Today, the agriculture sector practices adaptation with relatively limited incremental adjustments to existing systems to better manage current climate variability and cope with near-term climate risks. Increasingly, severe climate impacts are beginning to test the limits of what we can adapt to through such relatively minor adjustments.

These impacts will increasingly require more dramatic shifts at greater scale, speed, and intensity to manage risk, strengthen food security and protect lives and livelihoods—especially among the poorest and most vulnerable, who often depend on climate-sensitive sectors such as agriculture, fishing and tourism.
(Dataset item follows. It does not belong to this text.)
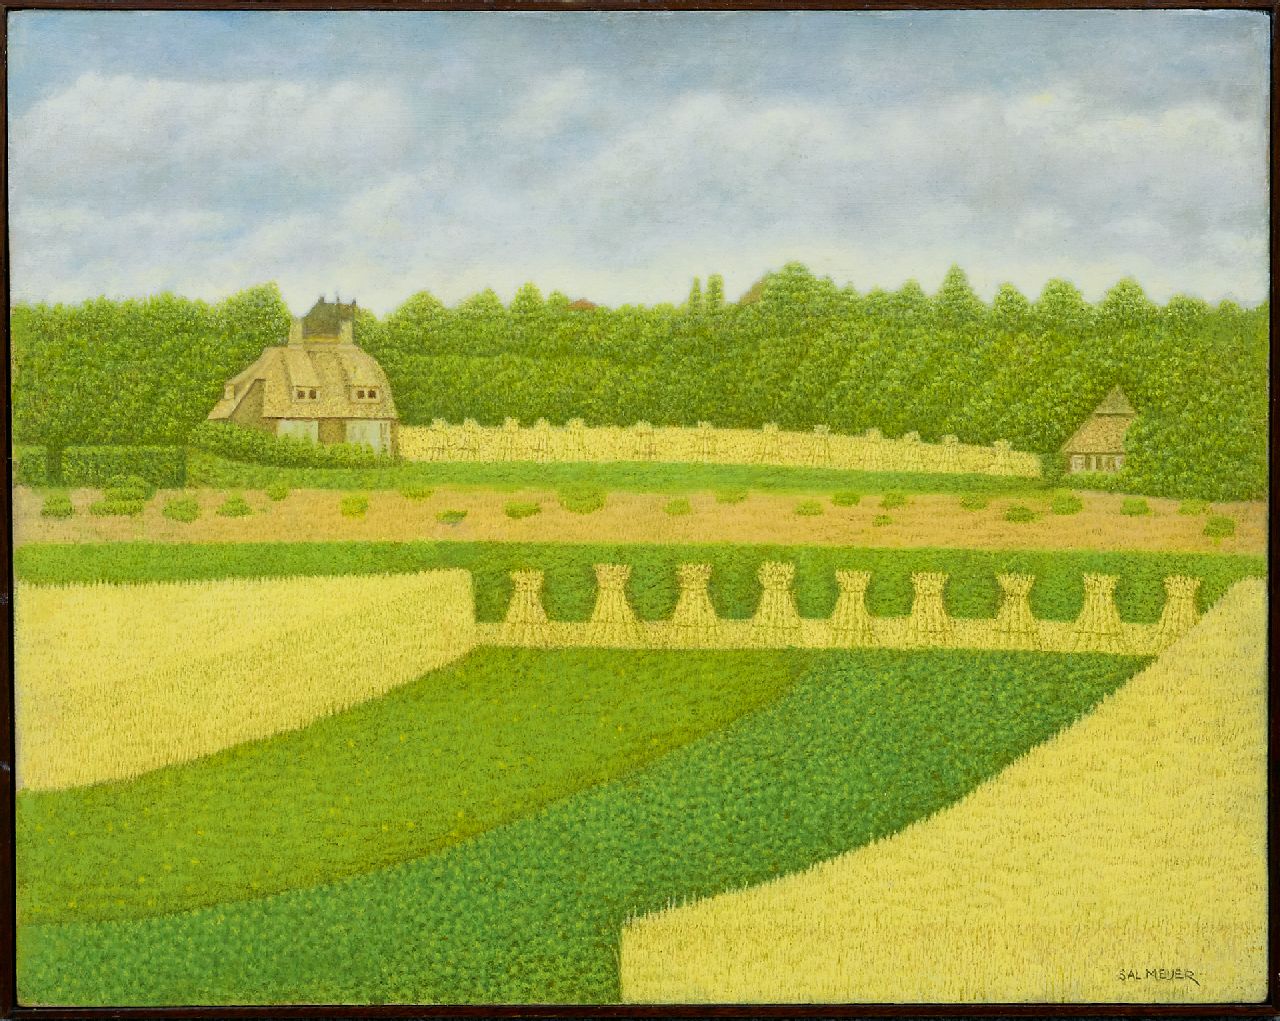 Meijer S.  | Salomon 'Sal' Meijer | Schilderijen te koop aangeboden | Landhuis bij Blaricum, olieverf op paneel 40,0 x 49,9 cm, gesigneerd rechtsonder

An October 2018 working paper by Rebecca Carter, Tyler Ferdinand and Christina Chan of the World Resources Institute explores the concept of transformative adaptation for agriculture and why it is needed. It looks at how transformative outcomes could be achieved by aligning adaptation projects along pathways and adjusting planning processes to incorporate longer-term, more systemic approaches.

Key Findings:

  • Transformative adaptation for agriculture is defined in this working paper as intentional responses to climate impacts that significantly shift the locations of agricultural production systems, introduce substantially new production methods or technologies at scale, or otherwise fundamentally alter key aspects of agricultural systems.
  • Although they may be disruptive and difficult, transformative approaches will be required where climate impacts are at present or are projected to be so severe that they are may undermine the continued viability of current agricultural systems.
  • Beginning now to identify, plan for, and finance transformative approaches over the coming decades offers the best opportunity to maintain and enhance global food security, avoid maladaptation, and reduce escalating risks of conflict and crisis as climate impacts intensify.
  • Finance can be targeted toward projects that are aligned to achieve transformative outcomes and gradually phased in through a series of short-, medium-, and long-term interventions to build transformative pathways.
  • Transformative adaptation will require new tools and methodologies, as well as collaboration between funding entities, national and subnational governments, the United Nations Framework Convention on Climate Change (UNFCCC), and other global institutions.
  • It will be subjective by nature, benefiting some groups over others depending on how decision-making power is distributed. It must therefore be implemented in an inclusive, equitable, and gender-responsive manner.

Executive Summary:

Transformative adaptation in the agriculture sector may be the best approach in an increasing number of situations and locations to enhance global food security, avoid maladaptation, and reduce escalating risks as climate change impacts intensify. However, this approach is not a silver bullet to solve all adaptation challenges; nor is it necessarily a bigger, better form of adaptation. Instead, it involves a specific set of characteristics that will often make it more disruptive and difficult to plan and budget for, finance, and implement.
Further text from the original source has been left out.